Alors, Le Casse, film commercial sans intérêt ? Le film de Verneuil s’érige au contraire comme une précieuse relique de ces temps anciens où le cinéma français de pur divertissement ne se vautrait pas systématiquement dans l’infantilisme le plus abject. Le Casse ne révolutionne certes pas le cinéma mais est réalisé avec amour et une bonne humeur communicative… Comparer le film de Verneuil aux récents efforts « comiques » de Frank Dubosc, Kad Merad, Eric et Ramzy, Dany Boon et consorts ou aux films d’action débiles produits à la chaîne par Luc Besson ne sert qu’à montrer le fossé qui s’est creusé en France entre cinéma d’auteur et pur divertissement. En 1971, la frontière entre les deux était allègrement brouillée. Aujourd’hui, le cynisme et l’infantilisation constante de l’humour franchouillard cohabite dans les salles avec des films d’auteurs sans grand intérêt cinématographique. Quoi que l’on pense de la filmographie variée d’Henri Verneuil, aussi riche en films d’auteurs que de produits commerciaux, on imagine très mal un Olivier Assayas, un Abdellatif Kechiche ou un Benoît Jacquot se lancer dans un grand film d’aventures populaire destiné au grand public. Savourons donc Le Casse pour ce qu’il est : le souvenir exquis d’une époque malheureusement révolue.

 

 

 

Grégory Cavinato

Membre de l’U.P.C.B. (Union de la Presse Cinématographique Belge)

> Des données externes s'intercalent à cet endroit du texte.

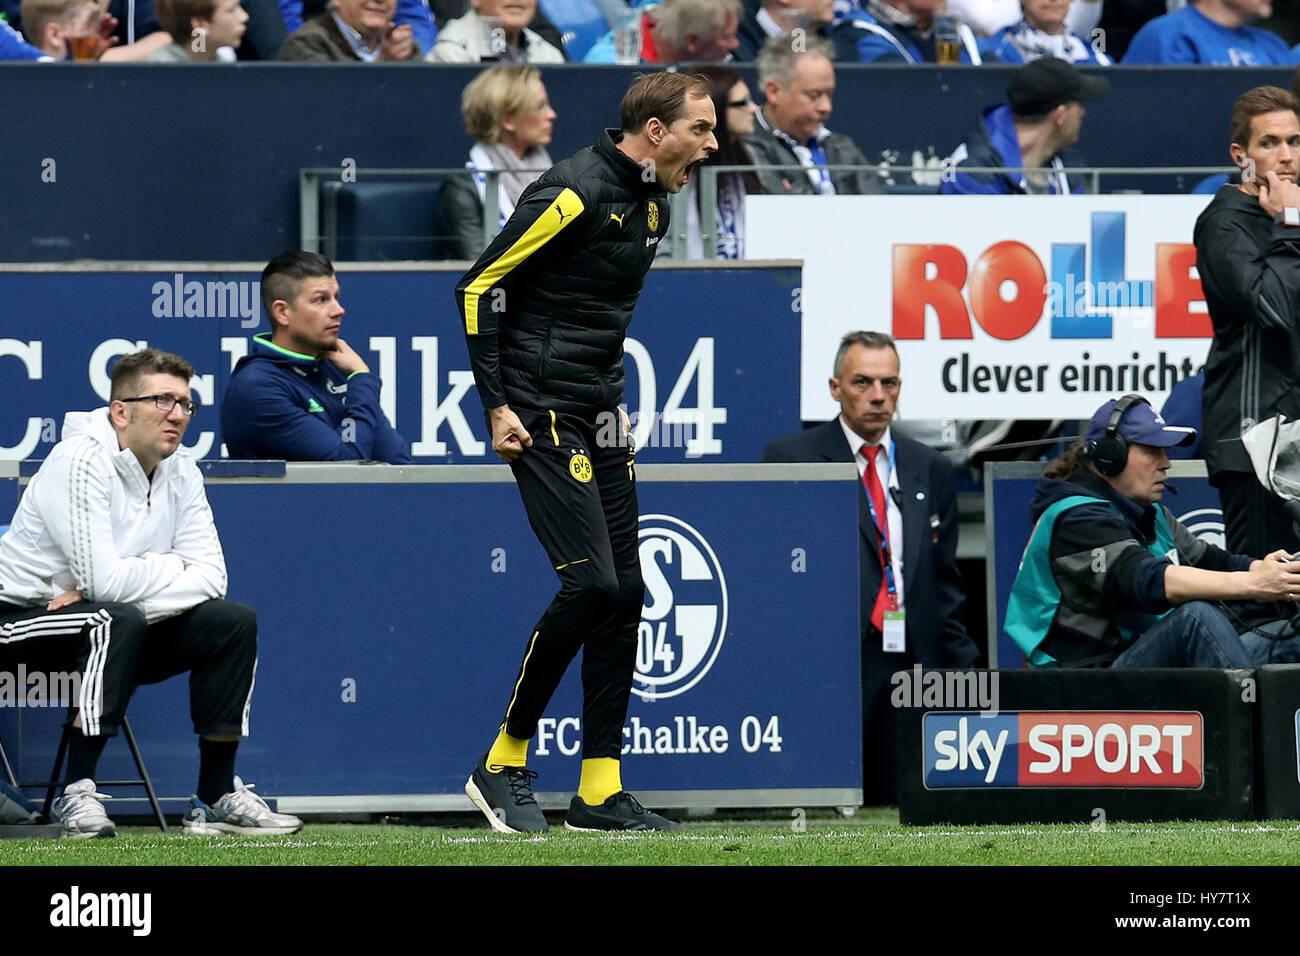 Gelsenkirchen. 1 abr, 2017. Entrenador Thomas Tuchel (C) del Borussia Dortmund reacciona durante el partido de fútbol de la Bundesliga alemana entre el FC Schalke 04 y el Borussia Dortmund en el Veltins Arena en Gelsenkirchen, Alemania, el 1 de abril de 2017. Crédito: Joachim Bywaletz/Xinhua/Alamy Live News Foto de stock
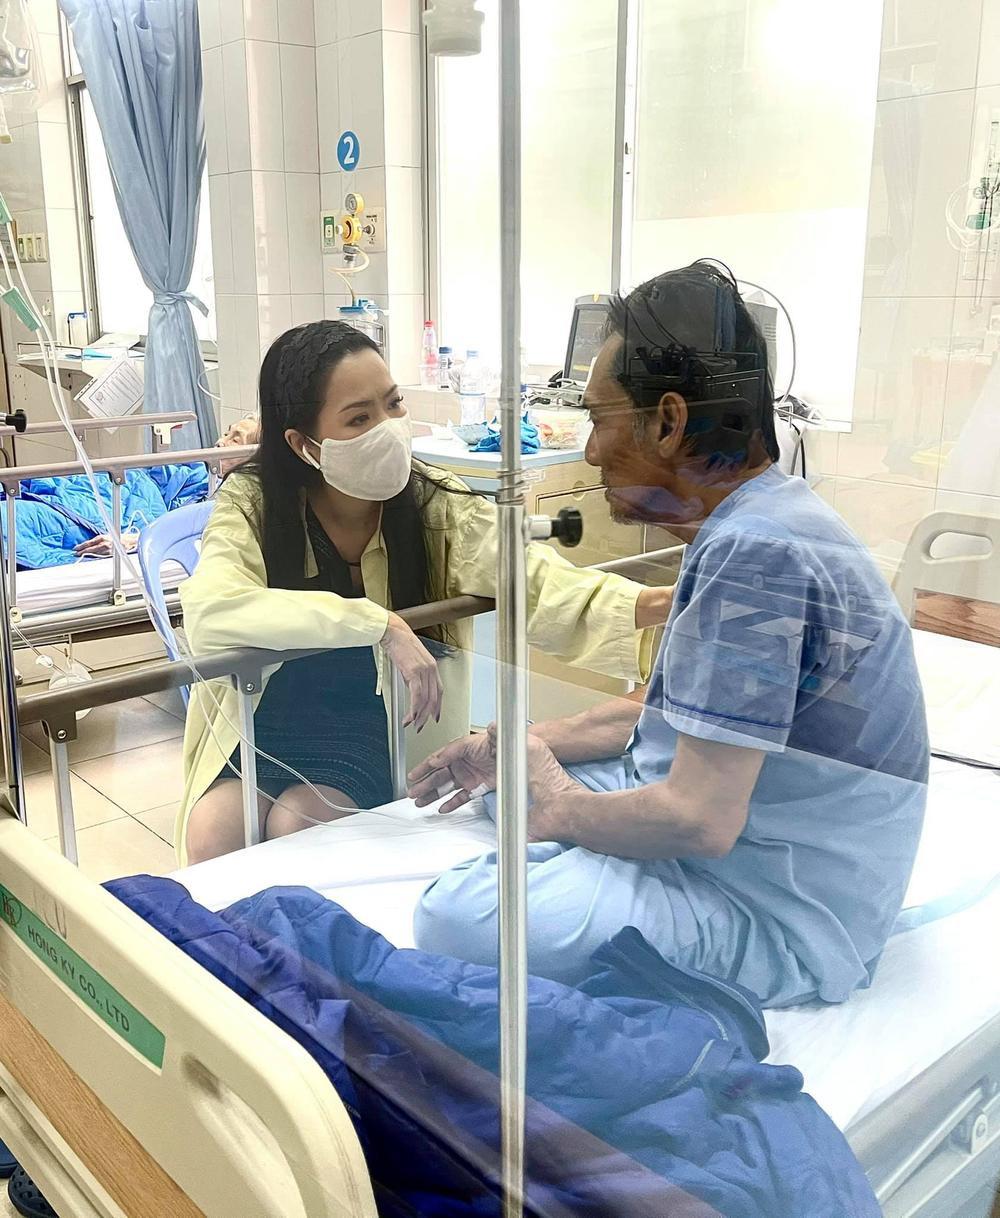 Trịnh Kim Chi công bố quỹ quyên góp hơn 200 triệu đồng: NS Thương Tín sẽ có thể hồi phục sau bạo bệnh Ảnh 8

2 Responses to Les Plaisirs Coupables… Le Casse (1971)

  1. Un cinéphile says:

    Cet article est admirable ; un vrai voyage dans le temps… et la sensation d’avoir paumé un truc en route.
    Difficile d’admettre que « Le Casse », pourtant grosse machine de son époque, avec quelques problèmes de rythmes assez criants, reste encore aujourd’hui plus ambitieux et donc supérieurs à la quasi totalité des films d’action français actuels…

    Un grand plaisir de vous avoir lu.